- Born: 1952 (age 73–74)
- Education: University of Pennsylvania (BS)
- Known for: Owner of C&S Wholesale Grocers
- Title: Chairman and Chief Product Officer of Symbotic
- Spouse: Jan Cohen
- Children: 3

= Richard B. Cohen =

American businessman (born 1952)

Richard B. "Rick" Cohen (born 1952) is an American businessman. He is the majority owner, chairman, and chief executive officer of Symbotic, an artificial intelligence-enabled robotics and warehouse automation company based in Wilmington, Massachusetts & owner of C&S Wholesale Grocers (C&S), a wholesale grocery supply company based in Keene, New Hampshire.

==Early life and education==
Richard Cohen was born in Worcester, Massachusetts, in 1952 to Norma and Lester Cohen. In 1970, he graduated from the Deerfield Academy in Deerfield, Massachusetts and then in 1974, he graduated from the Wharton School of the University of Pennsylvania with a degree economics, concentrating in accounting.

==Career==
In 1974, Cohen began working at the family company, C&S Wholesalers in Worcester, Massachusetts, which was co-founded by his grandfather, Israel Cohen, in 1918. After a three-week union strike that nearly shuttered the business, he persuaded his father to move the company to Brattleboro, Vermont.

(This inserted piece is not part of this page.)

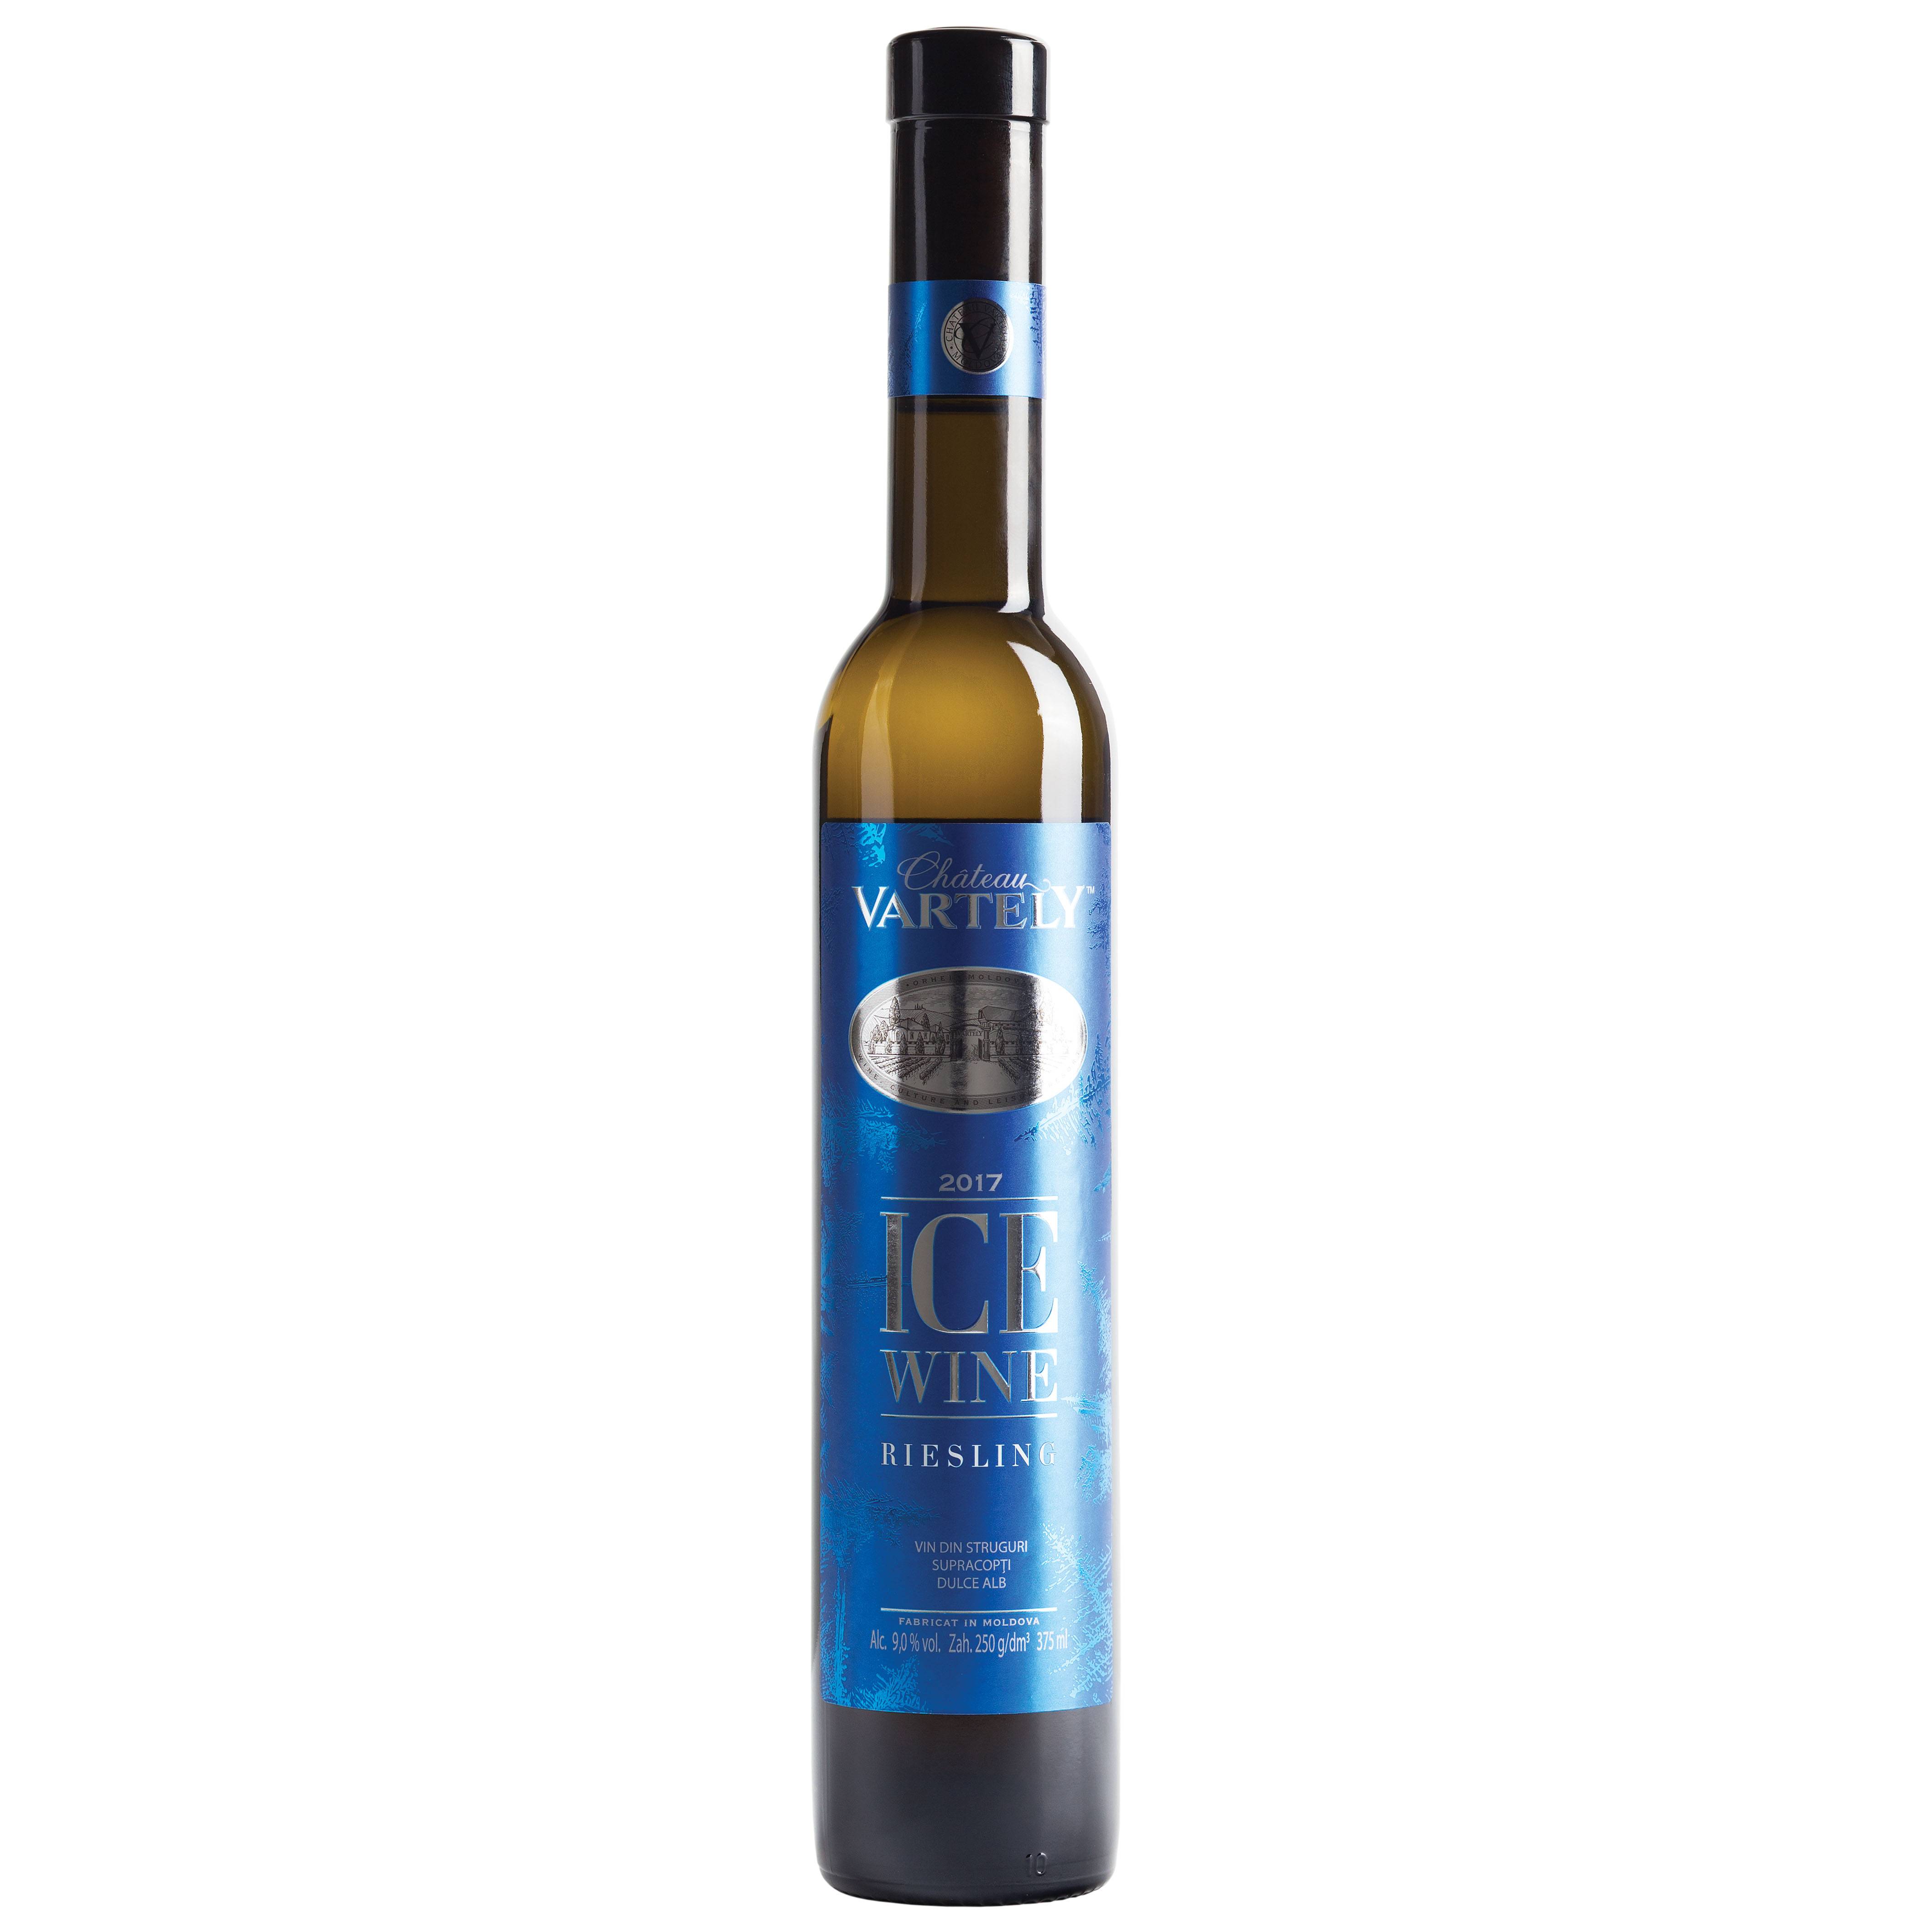 Vin Ice Wine Riesling, Alc 9.0%, 0.375ml
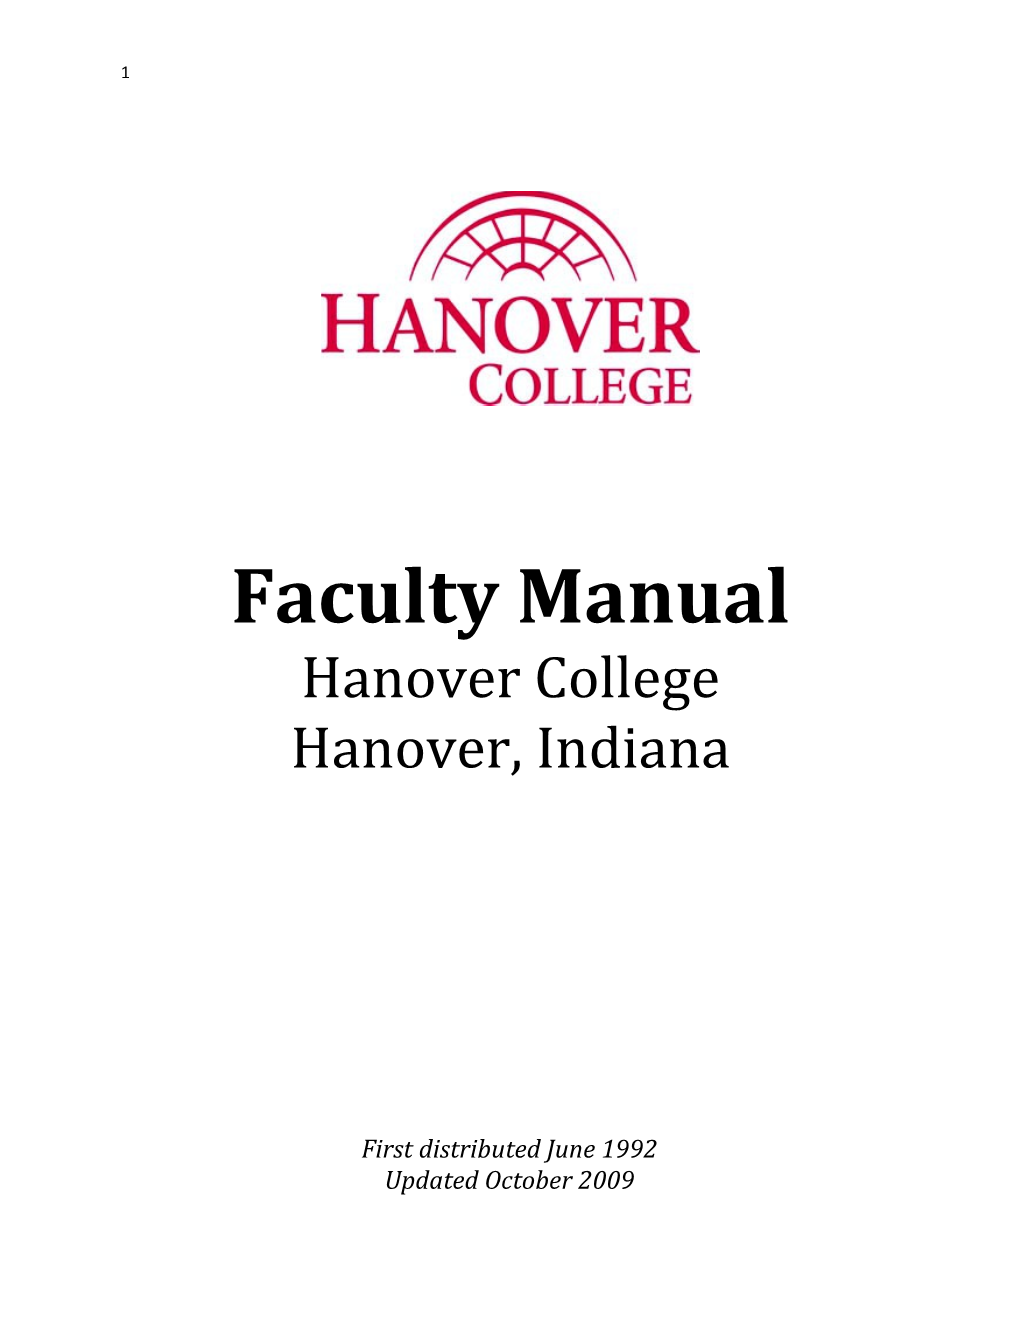 Faculty Manual Hanover College Hanover, Indiana

In 1989, Cohen took control of C&S after his father retired and in 2003, he moved the company headquarters to Keene, New Hampshire. As the food distribution business is very low margin and customer retention is critical, C&S has been able to attain efficiencies - less than 2 percent of the orders processed have errors or omissions - by using performance incentives combined with self-managed teams of workers who are responsible for assembling customer orders thereby eliminating costly supervisors.

Cohen is also the founder of Symbotic, a robotics warehouse automation company. As of 2021 Symbotic's artificial intelligence-enabled platform was used by C&S, Walmart, Target, Albertsons, and other large retailers.

In December 2021, Symbotic announced plans to go public through a merger with a SPAC sponsored by SoftBank in order to accelerate its push into warehouse automation.

==Philanthropy==
In 2001, The Center for Holocaust and Genocide Studies at Keene State College was renamed after the Cohens in thanks of their financial support.

==Personal life==
Cohen is married to Jan Cohen, executive producer of the Kaddish Project, a musical oratorio on genocide; the couple have three children.